■ **What to produce**: Type out the complete listing below word for word, without its pictures.

■ **Stored data**:
== Segment start ==

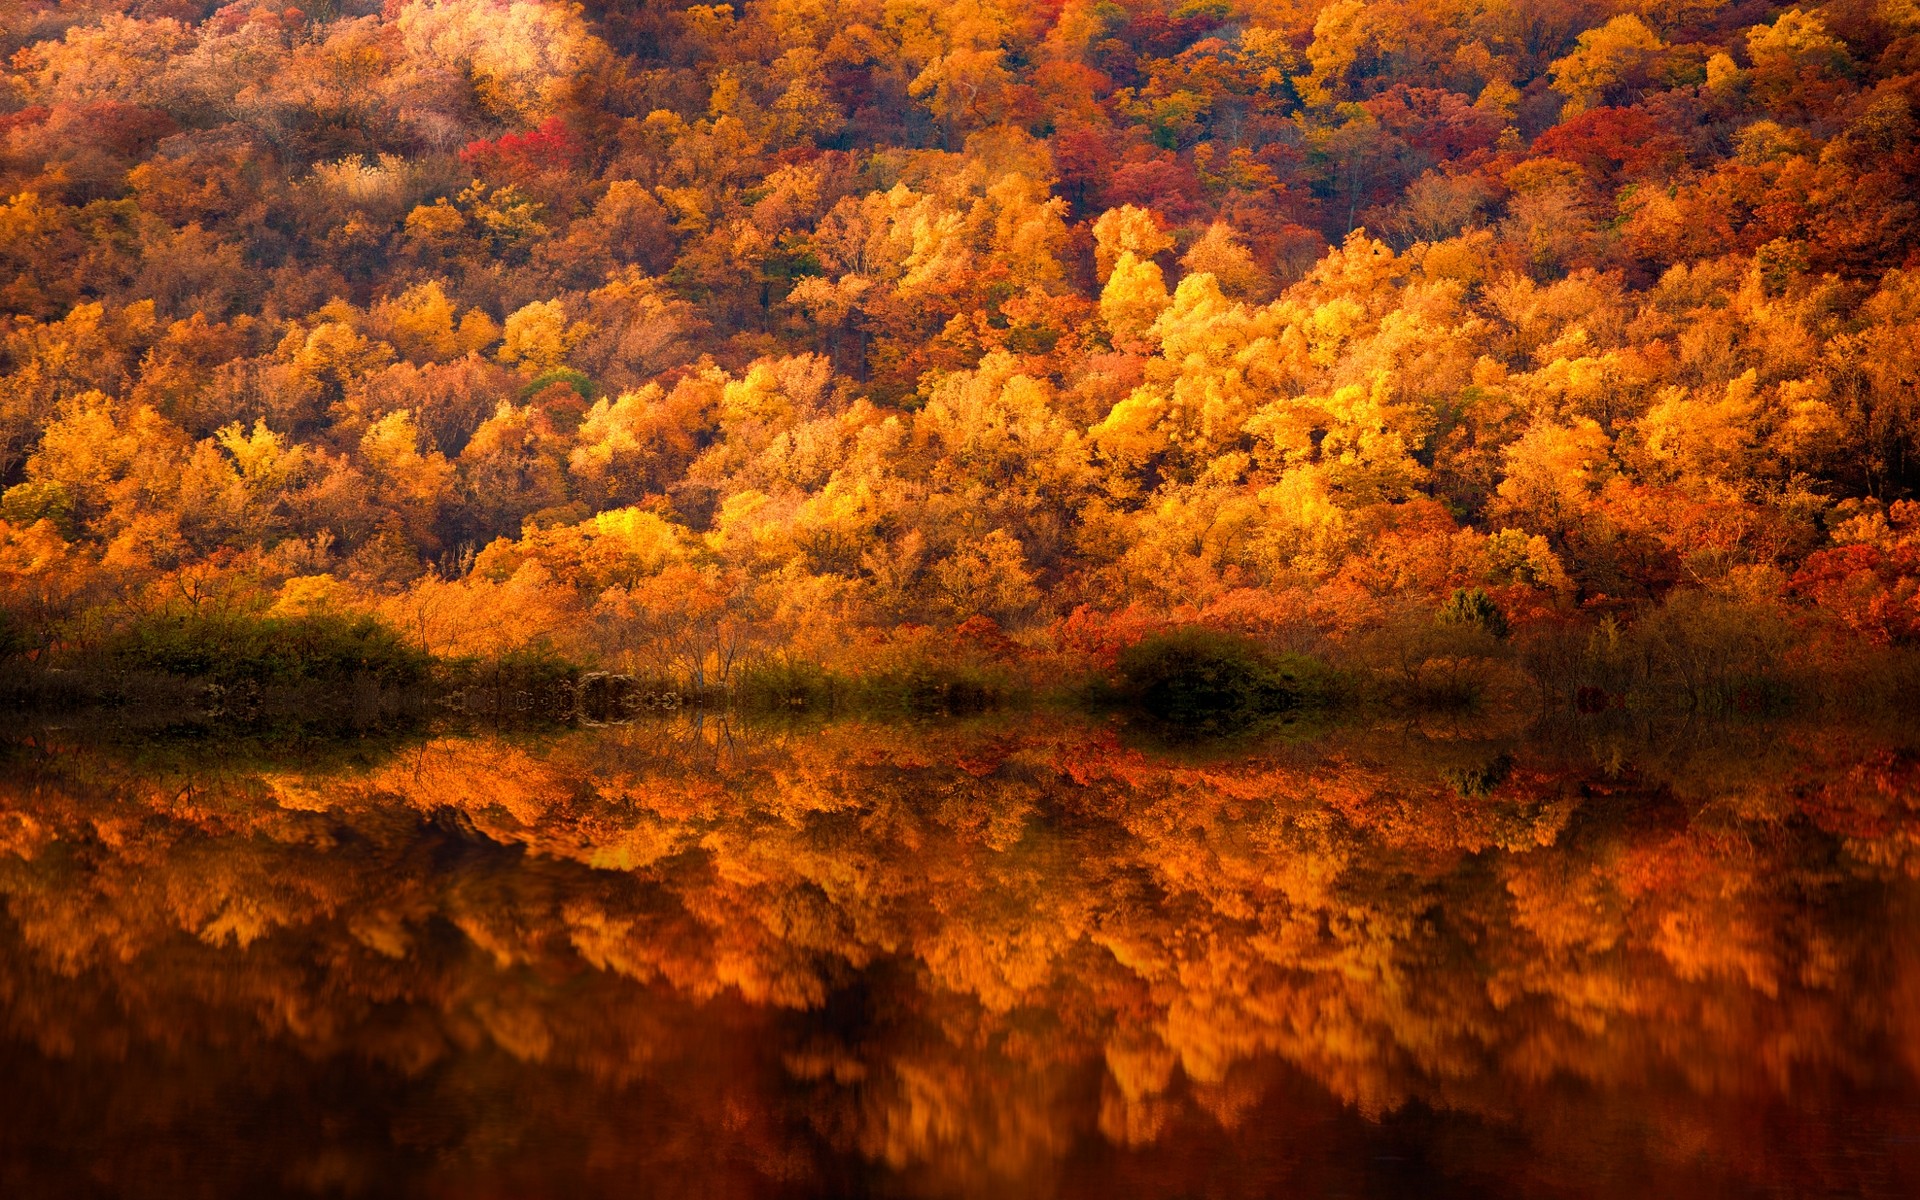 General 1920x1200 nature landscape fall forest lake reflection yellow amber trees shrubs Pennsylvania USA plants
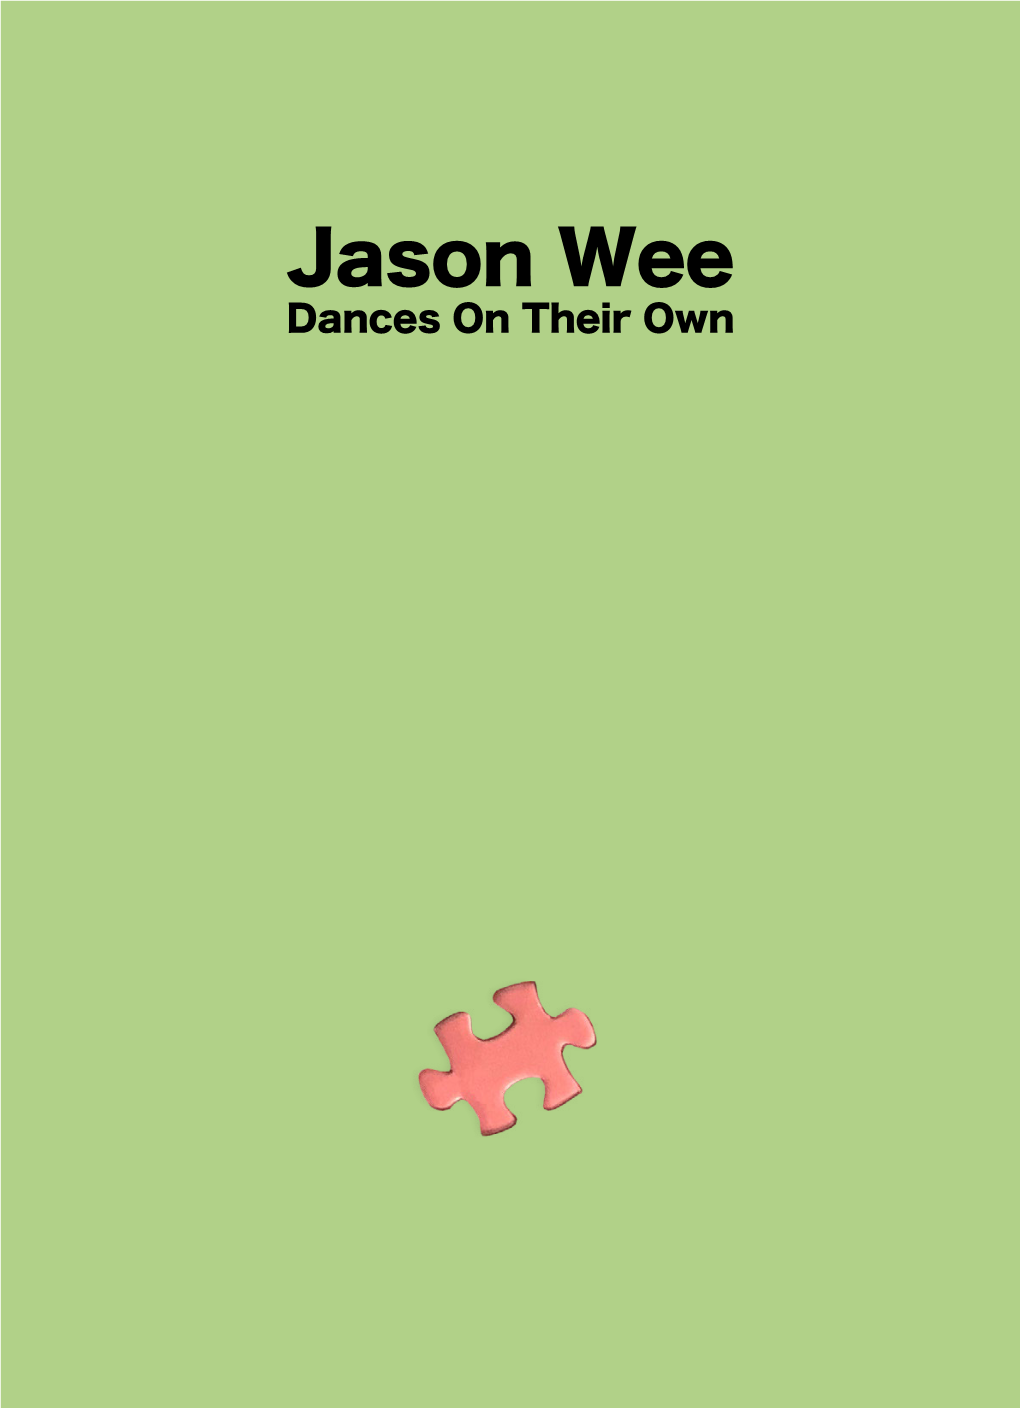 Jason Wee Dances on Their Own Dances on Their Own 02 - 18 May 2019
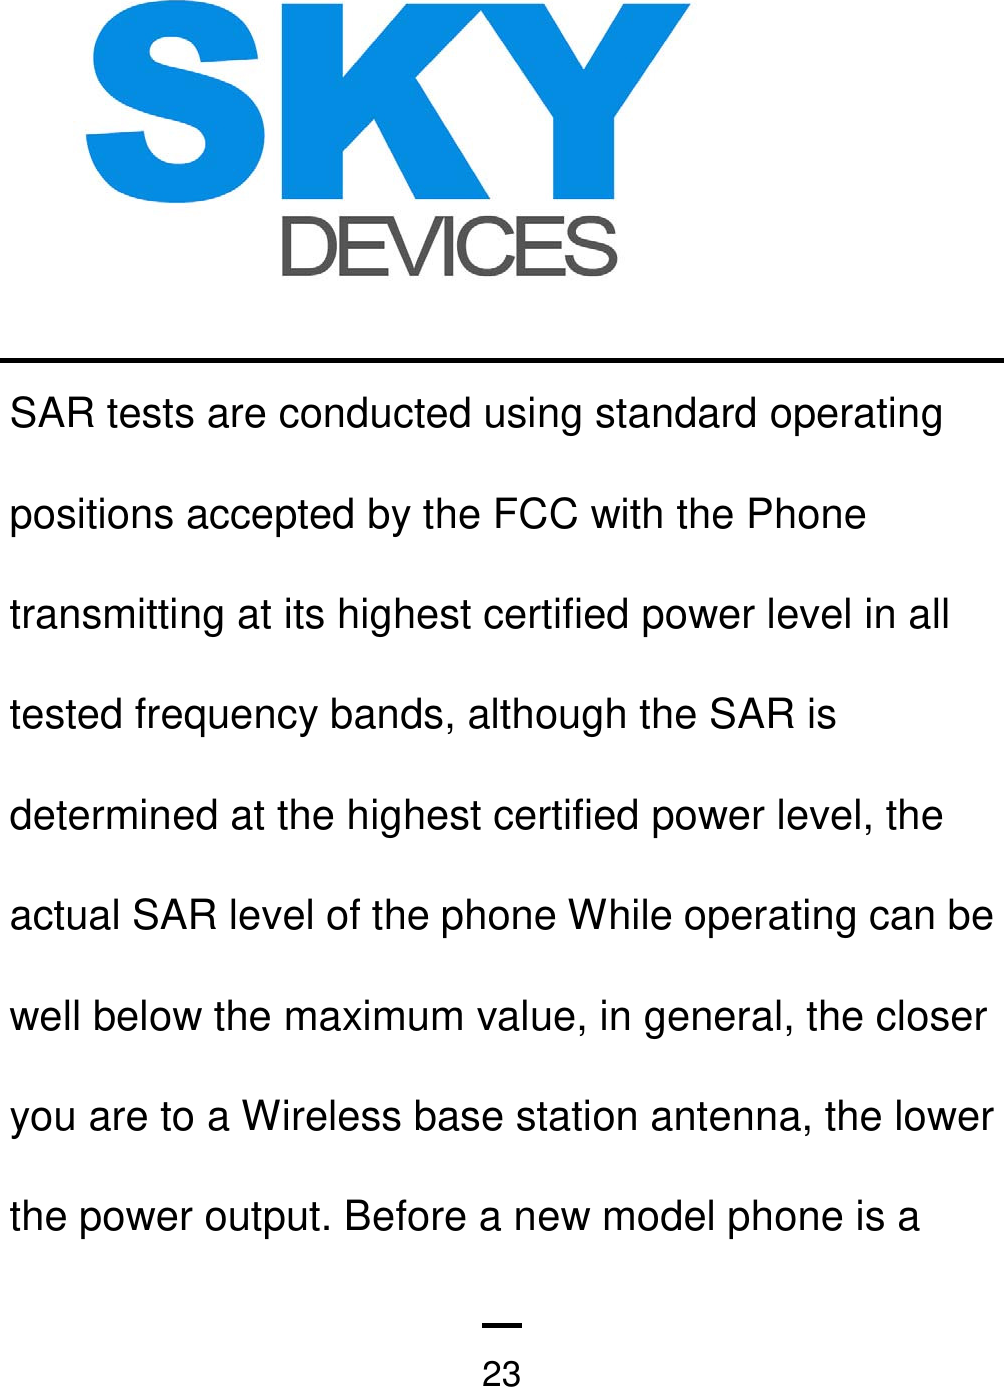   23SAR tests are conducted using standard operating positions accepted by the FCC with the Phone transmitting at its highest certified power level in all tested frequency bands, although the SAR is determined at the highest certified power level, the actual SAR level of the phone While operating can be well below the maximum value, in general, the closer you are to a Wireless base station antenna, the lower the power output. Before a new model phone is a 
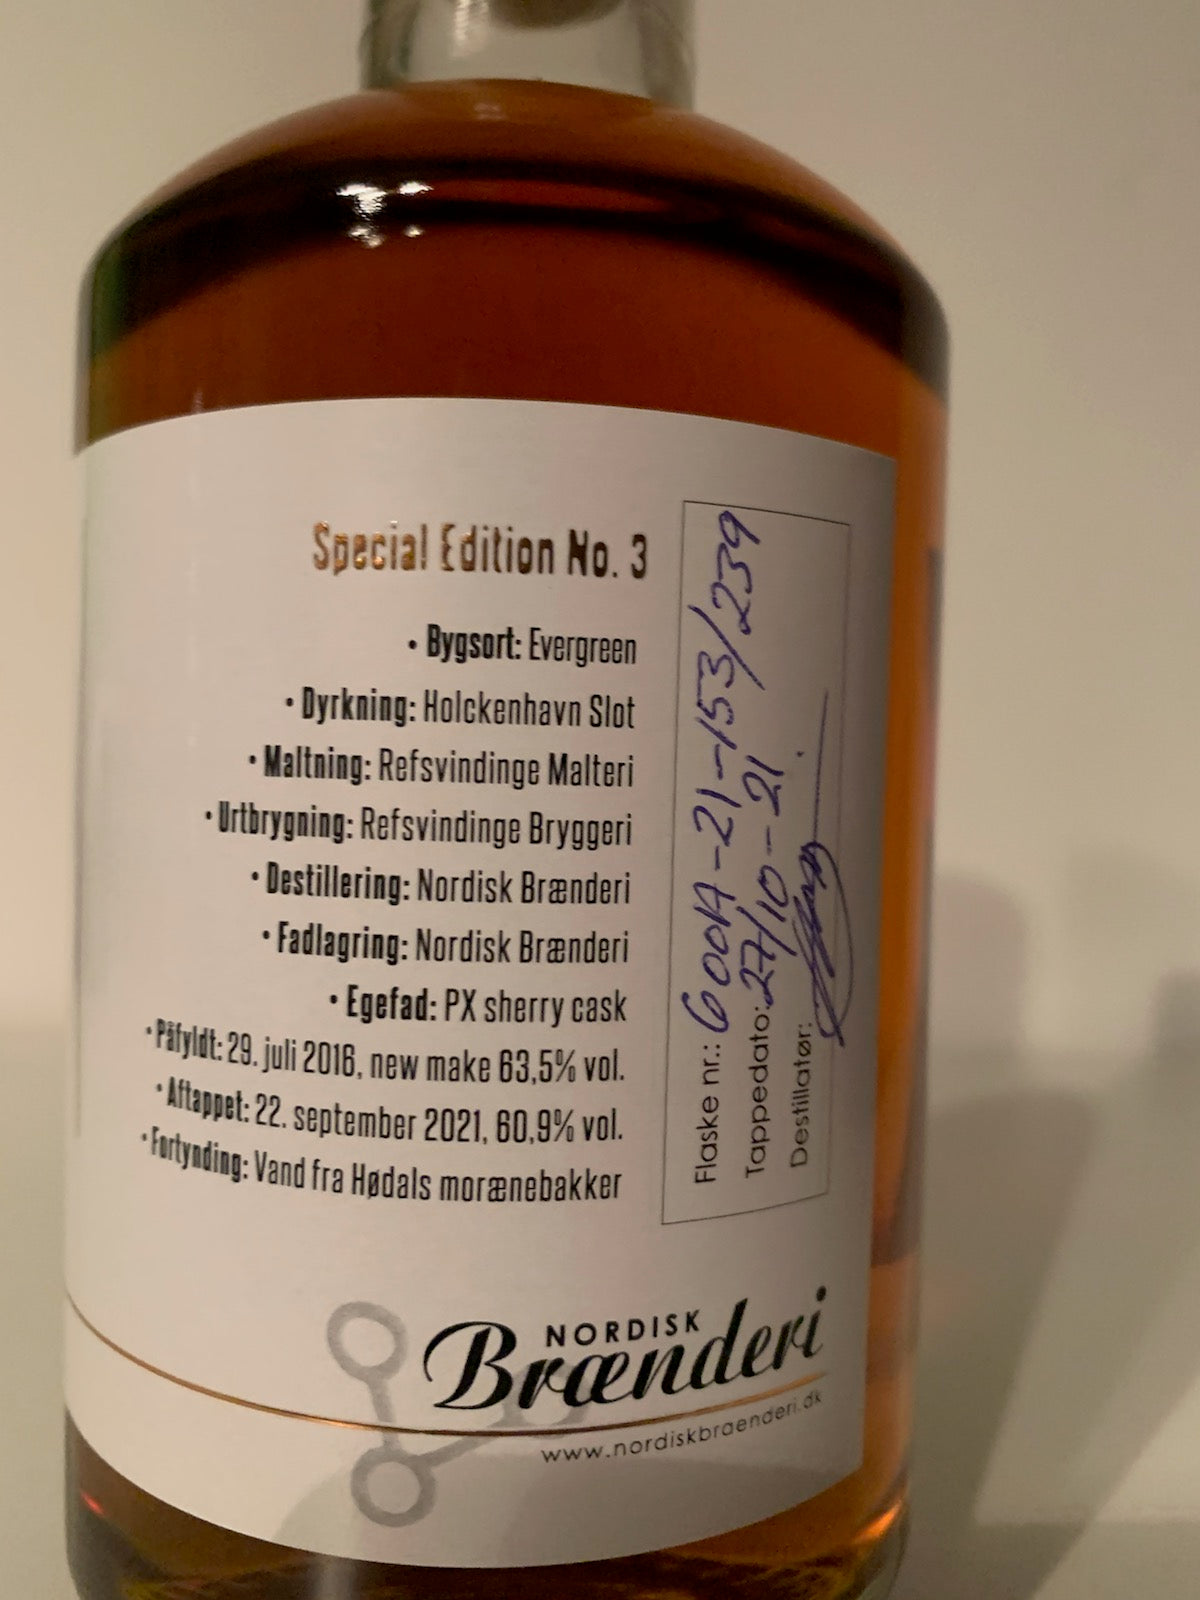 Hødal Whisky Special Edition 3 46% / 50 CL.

== Segment end ==

■ **Solution to the exercise**:
 General 1920x1200 nature landscape fall forest lake reflection yellow amber trees shrubs Pennsylvania USA plants
 Jason Wee Dances on Their Own Dances on Their Own 02 - 18 May 2019
   23SAR tests are conducted using standard operating positions accepted by the FCC with the Phone transmitting at its highest certified power level in all tested frequency bands, although the SAR is determined at the highest certified power level, the actual SAR level of the phone While operating can be well below the maximum value, in general, the closer you are to a Wireless base station antenna, the lower the power output. Before a new model phone is a 
 Hødal Whisky Special Edition 3 46% / 50 CL.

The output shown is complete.